The gender pay gap has become subject to fierce debate in the UK in recent months with pressure groups and campaigners regularly criticising the Government for not doing enough to combat discrimination.
As of Thursday last week, companies in the UK employing more than 250 people have 12 months to meet a deadline to publish their gender pay gap figures, but critics have said that the reporting won’t be granular enough to facilitate real change.
According to the Fawcett Society, one of the UK’s largest charities promoting women’s rights, the current overall gender gap for full-time workers is 13.9 per cent.
The Society also says that women are frequently being paid less than men in the equivalent role, despite that being illegal.
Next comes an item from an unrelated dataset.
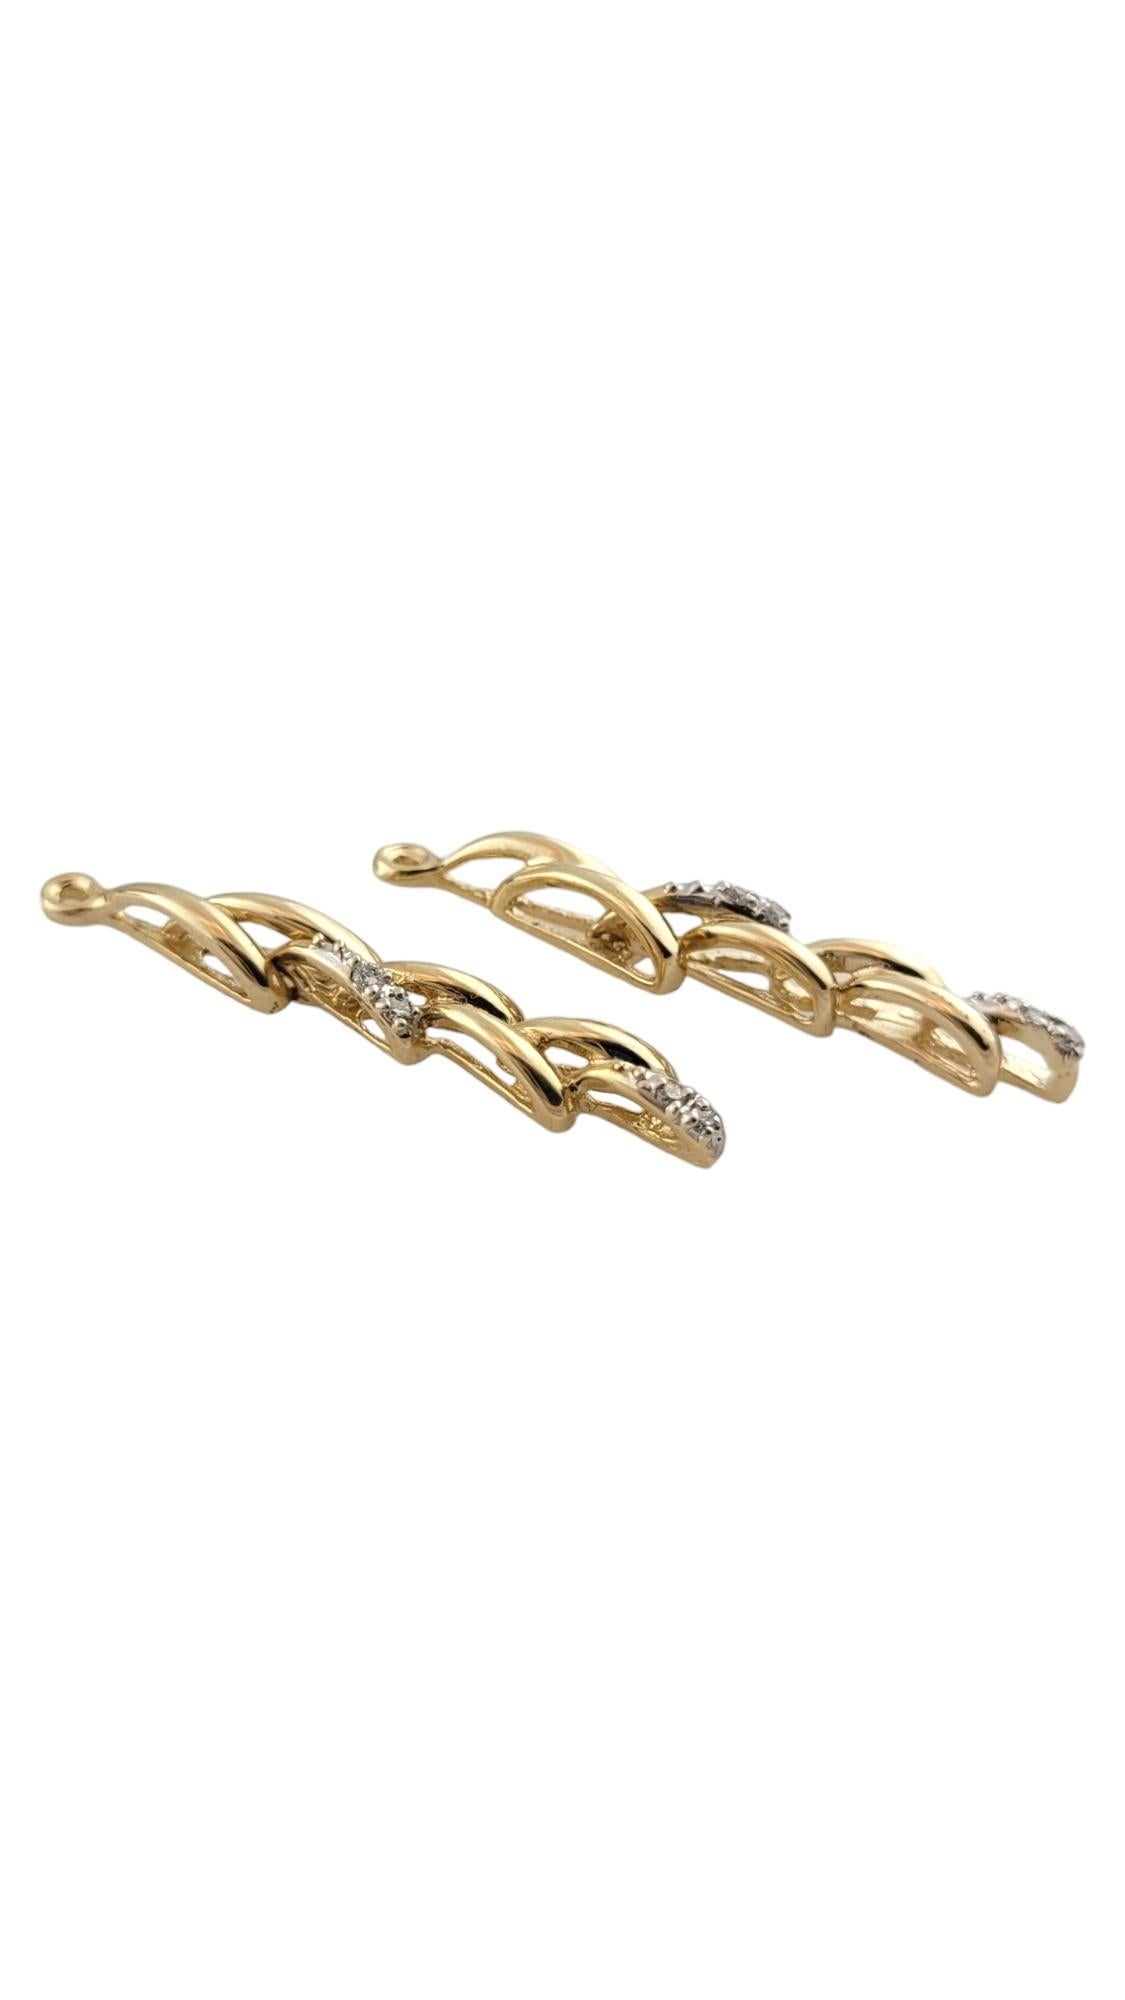 Brilliant Cut 14K Yellow Gold Diamond Earring Enhancers #16252 For Sale

Commenting on the Université Paris-Saclay study, Kate Headley, director of human resources at Clear Company, an online consultancy which promotes diversity in the workplace, said that “organisations need to create an inclusive culture to which equality and diversity are fundamental if they truly want to address gender inequality in the workplace.”
“A reliance on targets or quotas to improve diversity and inclusion without a focus on fostering cultural change, will only perpetuate this issue, and risks putting mothers at an even greater disadvantage,” she added.